On March 17, 2026, two Southern white rhinos ambled out of their transport crates and onto the grasslands of Kidepo Valley National Park in northeastern Uganda. It was an ordinary moment for the rhinos — and an extraordinary one for the country. These were the first rhinos to set foot in Kidepo since 1983, when the last animals were killed by poachers during the political chaos of the post-Idi Amin era.
Forty-three years of absence, ended in a single afternoon.
A Comeback Decades in the Making
Uganda was once home to healthy populations of both Northern white and Eastern black rhinos. But the political instability of the 1970s and early 1980s created conditions that poachers exploited ruthlessly. By 1983, both subspecies had been completely wiped out from the country.
The road back began in 1997 with the founding of Rhino Fund Uganda, an organization dedicated to rebuilding what had been lost. The first tangible step came in 2001, when two Southern white rhinos arrived at the Uganda Wildlife Education Centre. Then came Ziwa Rhino Sanctuary, established in 2005, which received six more animals — four from Kenya's Solio Game Reserve and two from Disney's Animal Kingdom in Florida.
Protected from poaching and surrounded by ideal habitat, the Ziwa population thrived. Not a single rhino has been illegally killed since the sanctuary's founding. By late 2025, the population had grown enough to begin the next phase: reintroduction into the wild.
Expanding Across Uganda
The Kidepo translocation follows an earlier reintroduction at Ajai Wildlife Reserve, where four rhinos were moved in January 2026. Sixteen more animals are planned for Ajai in the coming months to establish a viable founding population.

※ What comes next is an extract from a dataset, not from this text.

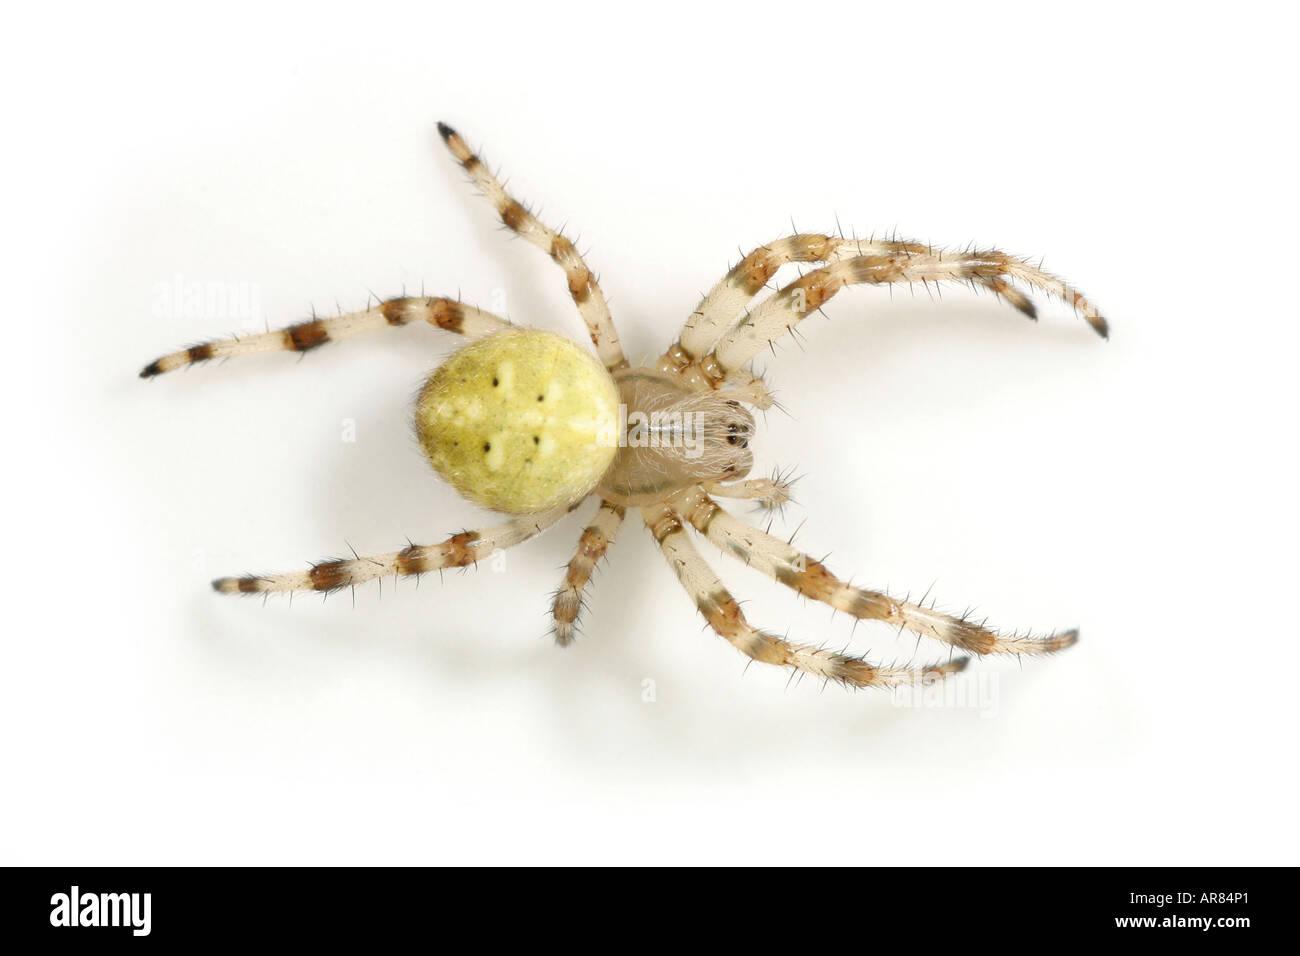 Araneus Quadratus spider on white background Stock Photo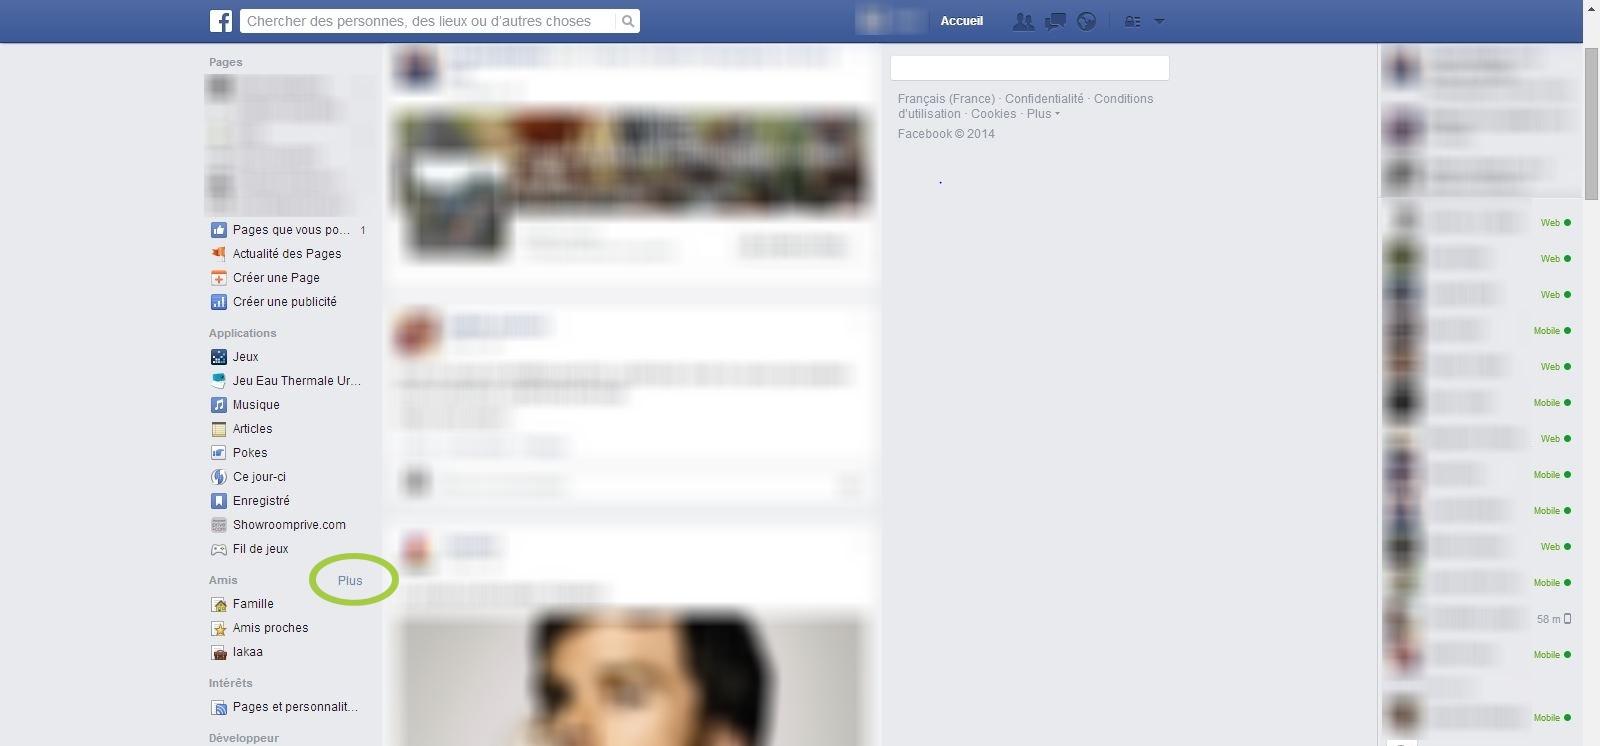 accueil facebook en français

Combined with the eight rhinos being phased into Kidepo, Uganda is rapidly rebuilding its rhino presence across multiple landscapes.
In December 2025, eight additional animals were brought from South Africa to boost genetic diversity, bringing Uganda's total rhino population to 61 — up from zero just 25 years ago.
Why Kidepo Matters
Kidepo Valley National Park is one of Uganda's most remote and intact savannah ecosystems, bordering South Sudan and Kenya. Its rugged beauty and isolation made it one of the last places rhinos survived in Uganda — and one of the most meaningful places to bring them back.
"Kidepo Valley National Park is one of Uganda's most intact savannah ecosystems, and the reintroduction of Southern White Rhinos restores a key component of that ecosystem," said John Makombo, Commissioner for Biodiversity Management at the Uganda Wildlife Authority. "This reintroduction strengthens not only species recovery but also ecosystem integrity and resilience."
Preparing the park required significant infrastructure work: a secure rhino sanctuary with fencing, accessible roads, water sources, ranger accommodation, and monitoring capabilities all had to be built in one of the most remote corners of the country.
What's Next
Conservationists aren't stopping here. The next target is Murchison Falls National Park, Uganda's largest national park, which itself lost its Northern white rhino population in the early 1980s. If the current reintroductions succeed, plans call for bringing at least 20 Eastern black rhinos into the country as well.
The story of Uganda's rhinos is one of the most complete conservation arcs in modern history: total extinction, followed by patient decades of breeding, and now a species returning to landscapes it was driven from within living memory. It's a reminder that conservation losses, even devastating ones, don't have to be permanent — if the will and the work are there to reverse them.